Don’t look now, but Gwangju’s tearing up K-League Classic
Last season, Gwangju finished fourth in the K-League Challenge, then earned a spot in the top league by beating No. 3 Gangwon FC and runner-up Ansan Police FC in the playoffs.
Yet Gwangju’s prospects for 2015 were shrouded in doubt. The team lacked depth on the field, while off the pitch the club’s president resigned abruptly over the team’s financial conditions.
After three matches in the K-League Classic, however, the club is in second place with two wins and a draw. Ulsan Hyundai is in first place on goal difference.
In its opener, Gwangju posted a draw, 2-2, against Incheon United, then beat Daejeon Citizen FC, 2-0, and edged Busan I’Park, 3-2, on March 21. All were away matches. Gwangju World Cup Stadium is undergoing maintenance ahead of the Summer Universiade in July, so the club won’t have a home match until the end of this month.
“I’m still dazed about the results, but the players are doing well,” said Gwangju coach Nam Ki-il. “We are still in the process of creating the team’s style, but our team is now full of confidence after getting some results.”
When asked why the team has been performing well, Nam, who joined the club in 2011 as an assistant coach, said “desperation” was the key.
Gwangju FC, which was founded in 2010, was the first club to be relegated when the promotion and relegation system was adopted in 2012.
“No one cared about us when we got relegated back then,” said Nam. “The players don’t want to be in that kind of atmosphere again and that serves as a good motivation for us.”
Nam, 40, is the youngest coach in K-League Classic and favors attacking football. In the past three matches, the team scored seven goals, more than any other team.
Maybe this style comes from Nam’s previous experience as a forward. In his 12 K-League seasons with Bucheon SK, the Jeonnam Dragons and Seongnam Ilhwa Chunma, Nam recorded 40 goals and 34 assists in 277 matches. He said he prefers football that emphasizes ball possession.

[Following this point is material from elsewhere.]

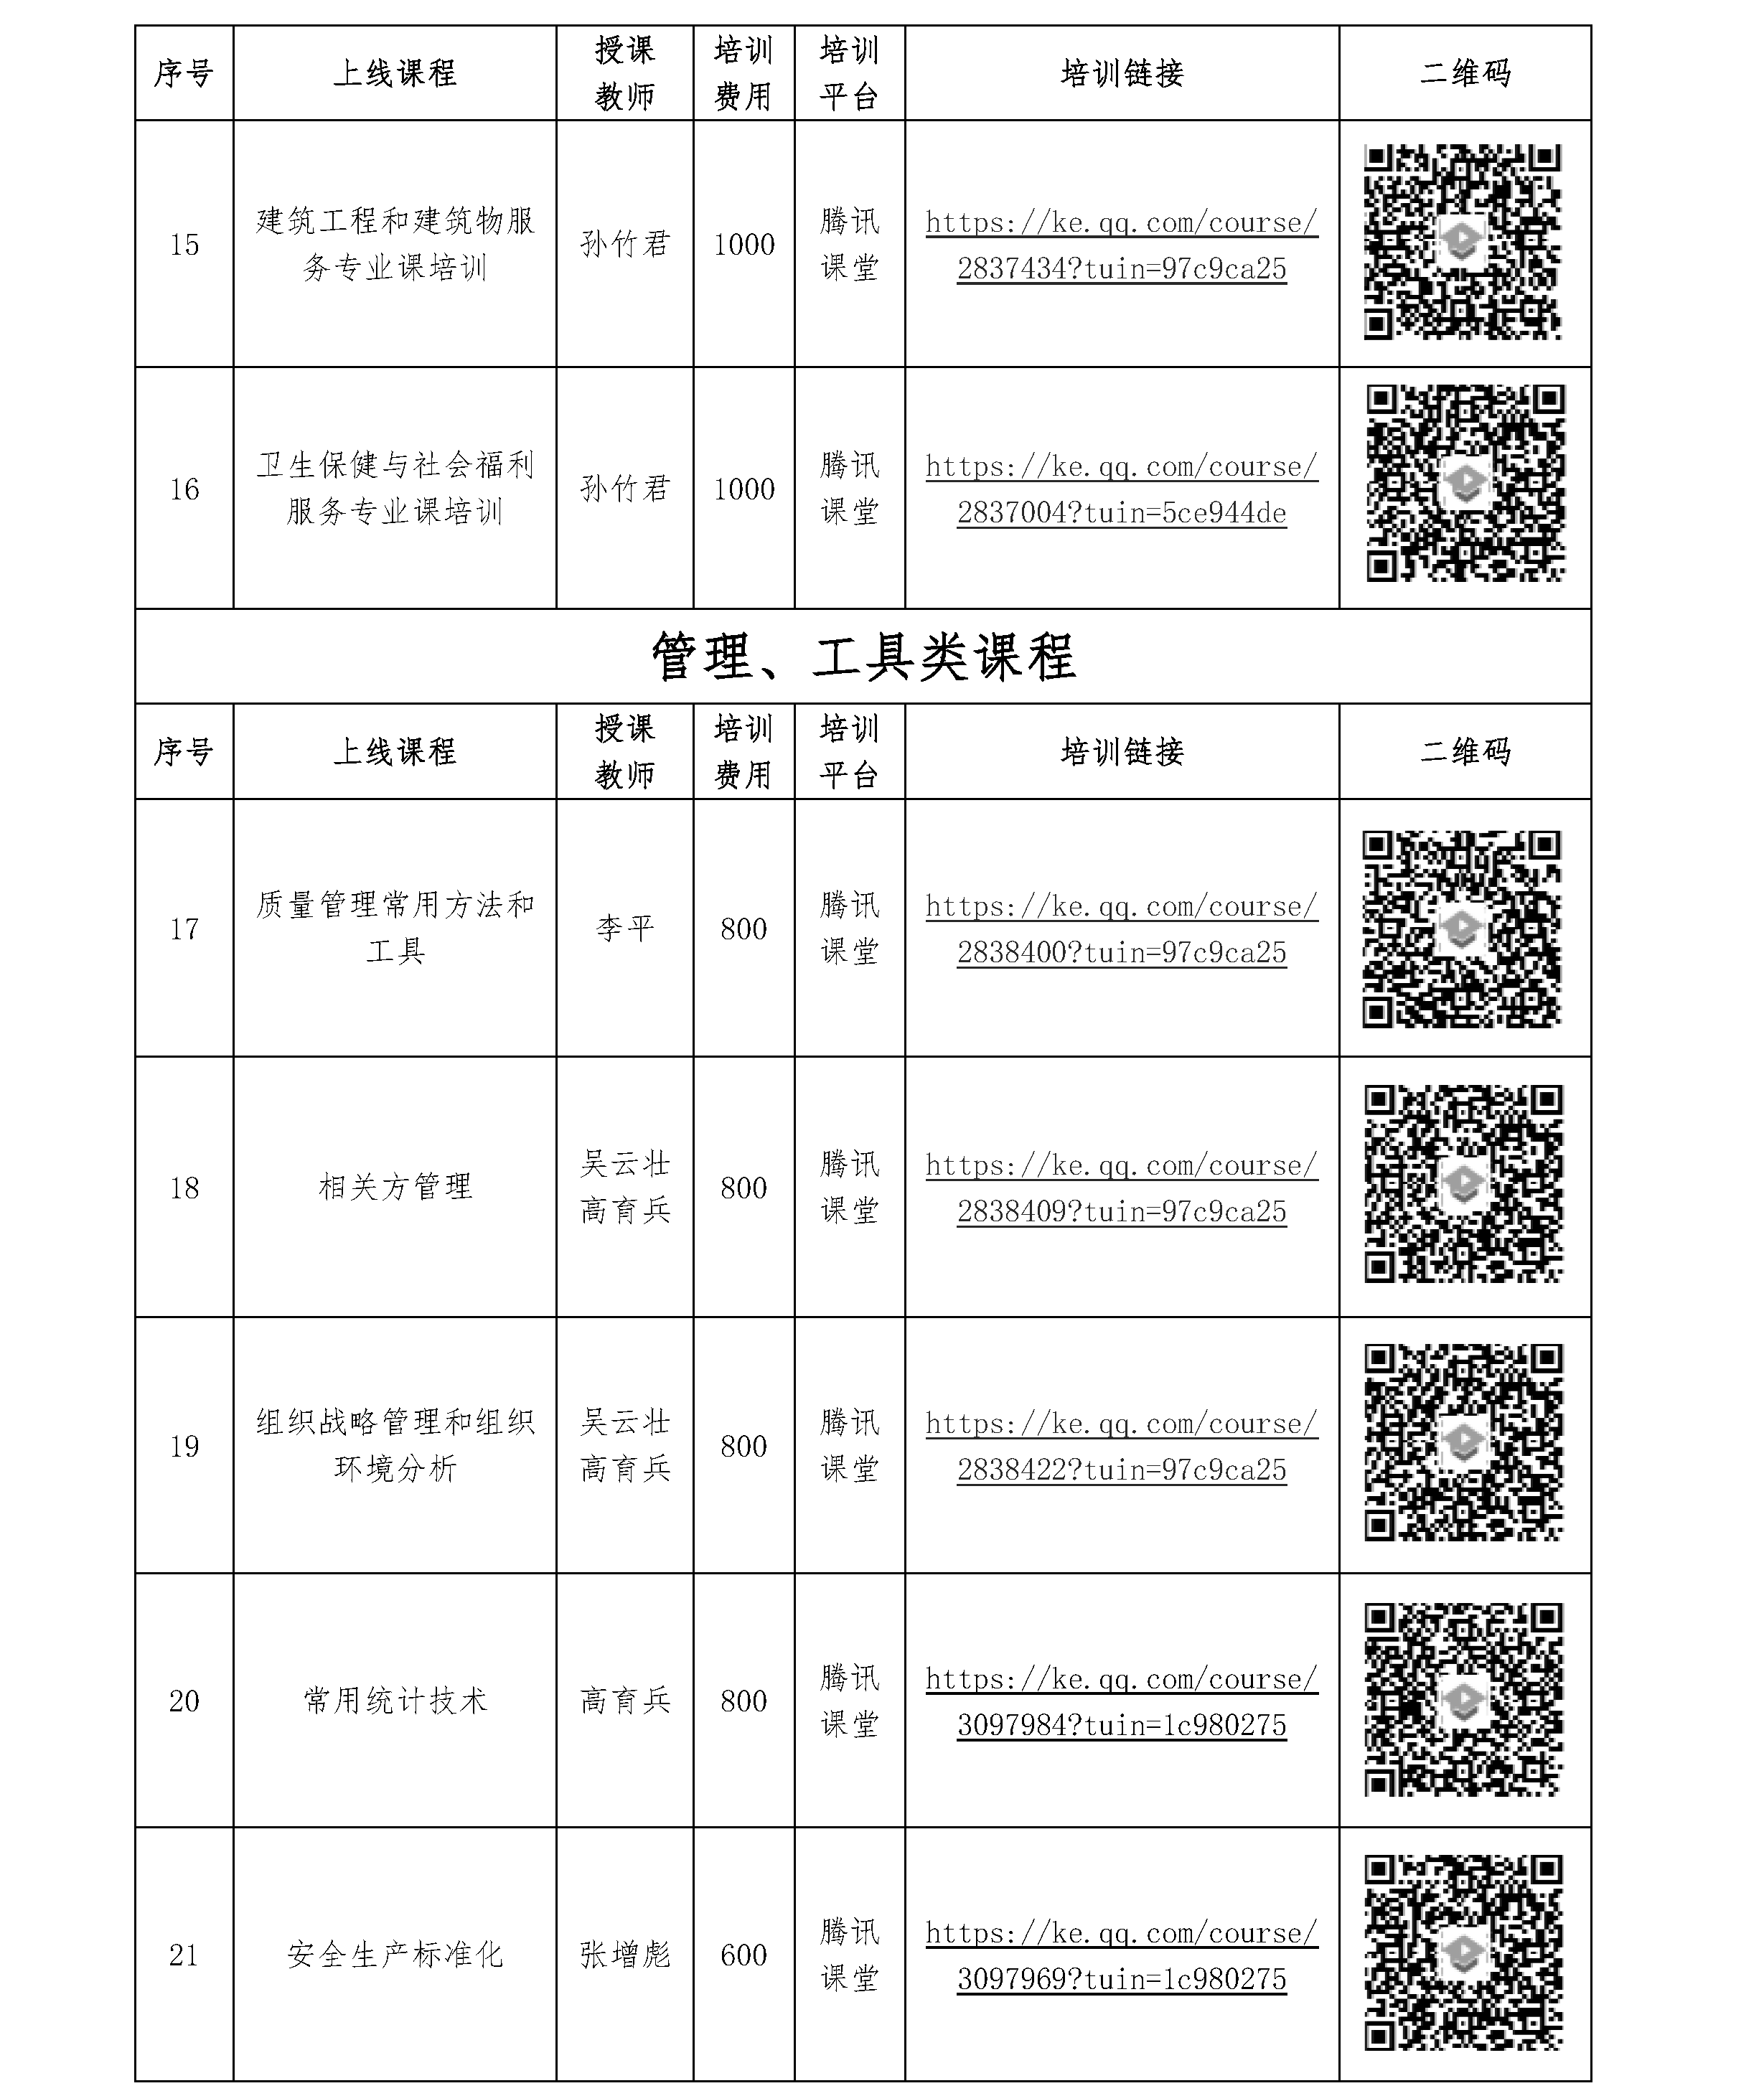 北京世标认证中心有限公司/国培认证培训（北京）中心 2021年一季度培训课程 (图3)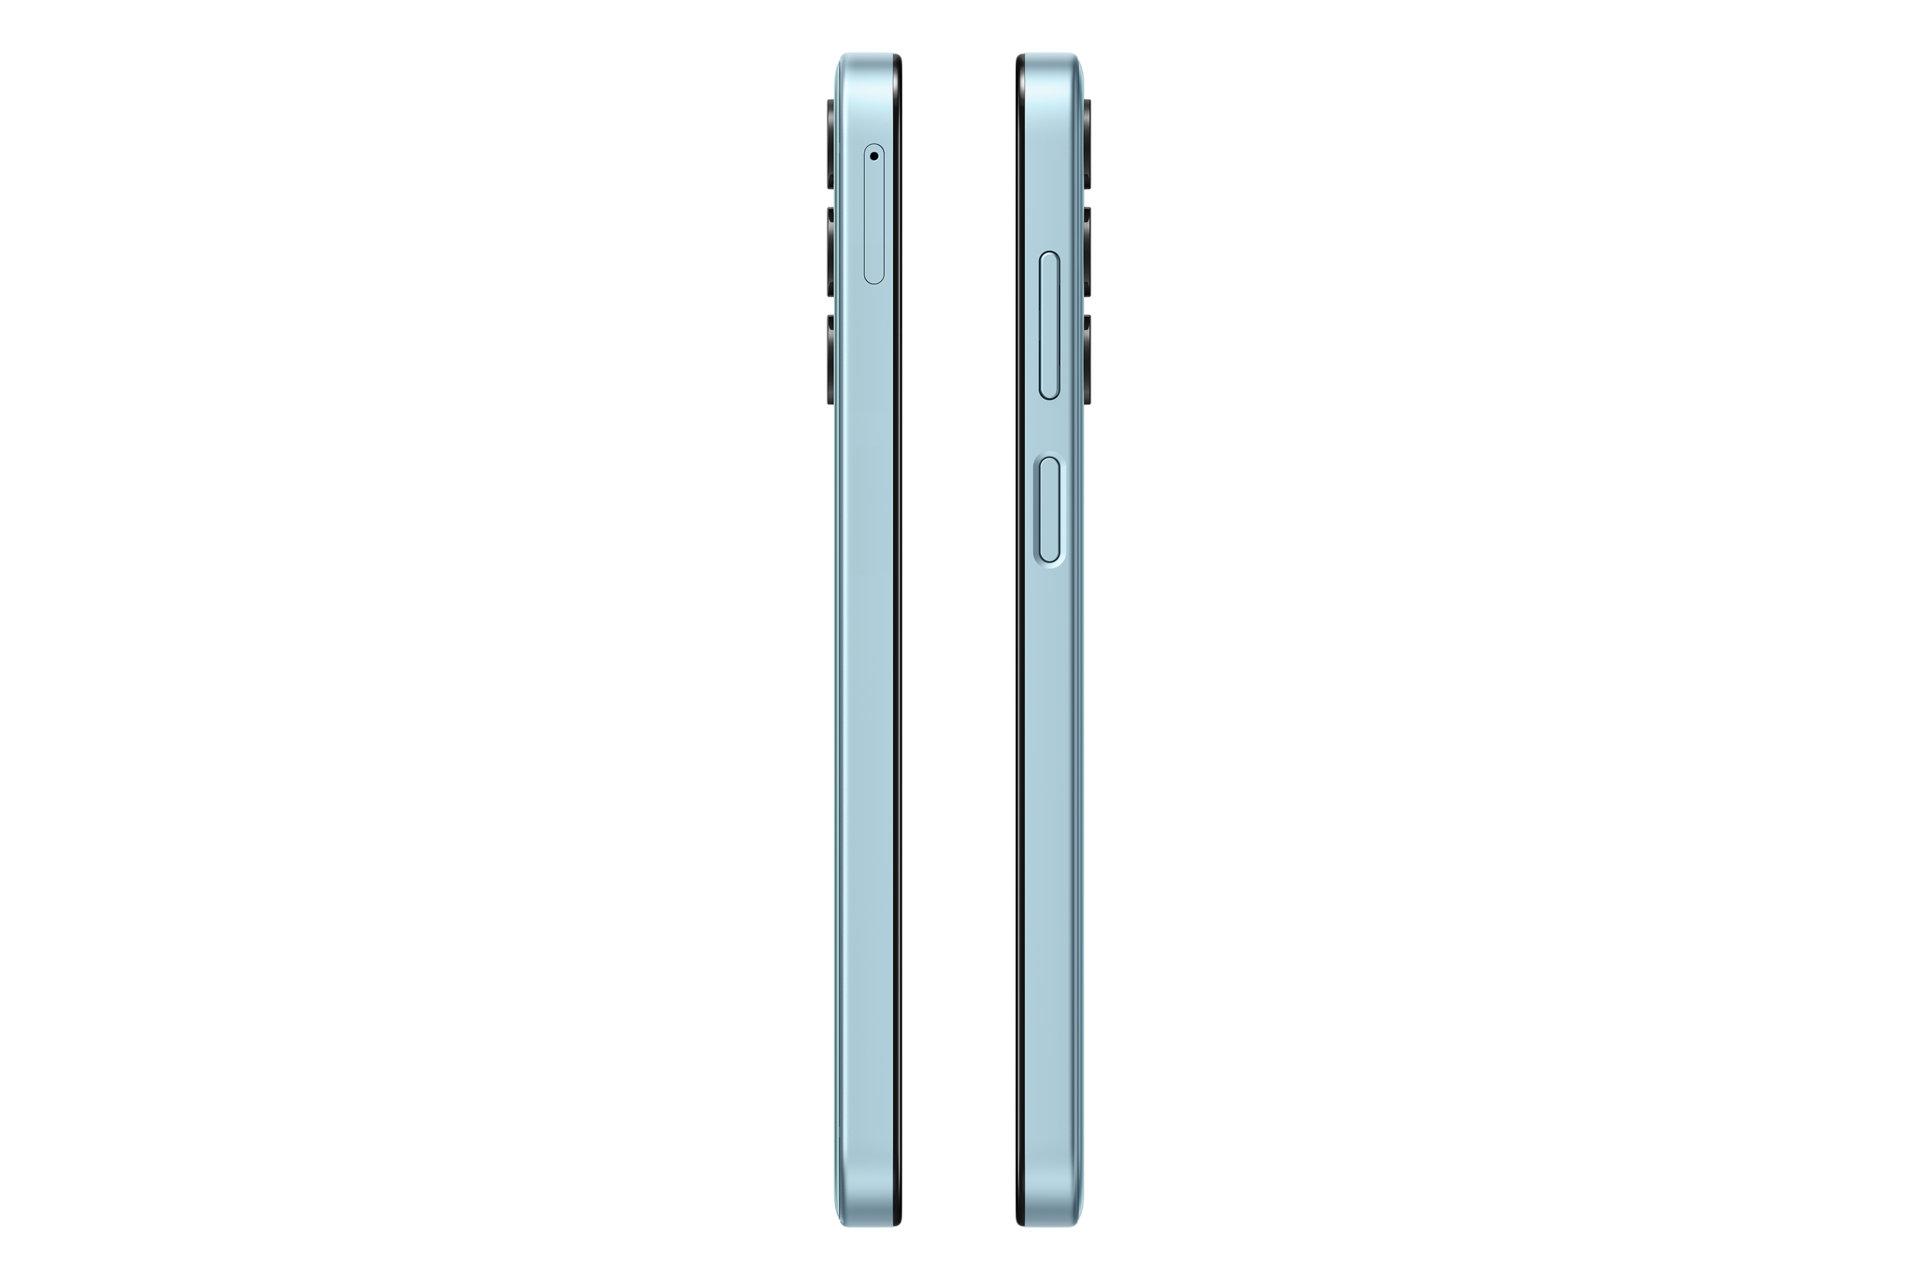 لبه های کناری گوشی موبایل گلکسی M15 سامسونگ آبی روشن / Samsung Galaxy M15

“If you just lock and defend, you might somehow avoid relegation,” he said. “However, it is impossible for players to develop their skills and for the team to get better.”
But Gwangju’s real test has yet to come. Starting this weekend, it will play K-League Classic powerhouses like Ulsan, Jeonbuk and Jeju United.
Nam said he will not back down. The Kyunghee University graduate estimates Gwangju is playing at 70 percent of its potential and he will continue to push players to improve their condition and develop.
“Whichever team we meet, we will play our style of football,” the coach said. “Even if we meet top contender Jeonbuk, that philosophy won’t change.”
Meanwhile, due to the club’s impressive performance, the city of Gwangju has agreed to offer financial support.
The city government said it will first focus on selling season tickets to residents and encouraging regional companies to sponsor the team. Its goal is to bring the team 3 billion won ($2.7 million) in funding.
The city is preparing a supplementary budget for the team. It had originally allocated 2.5 billion won for the club, but said on Sunday that it would put in up to an additional 2.5 billion won.
“We hope Gwangju FC will become a football club that can really be loved by the citizens and become a driving force to promote pride and unity in the Gwangju community,” said a city official.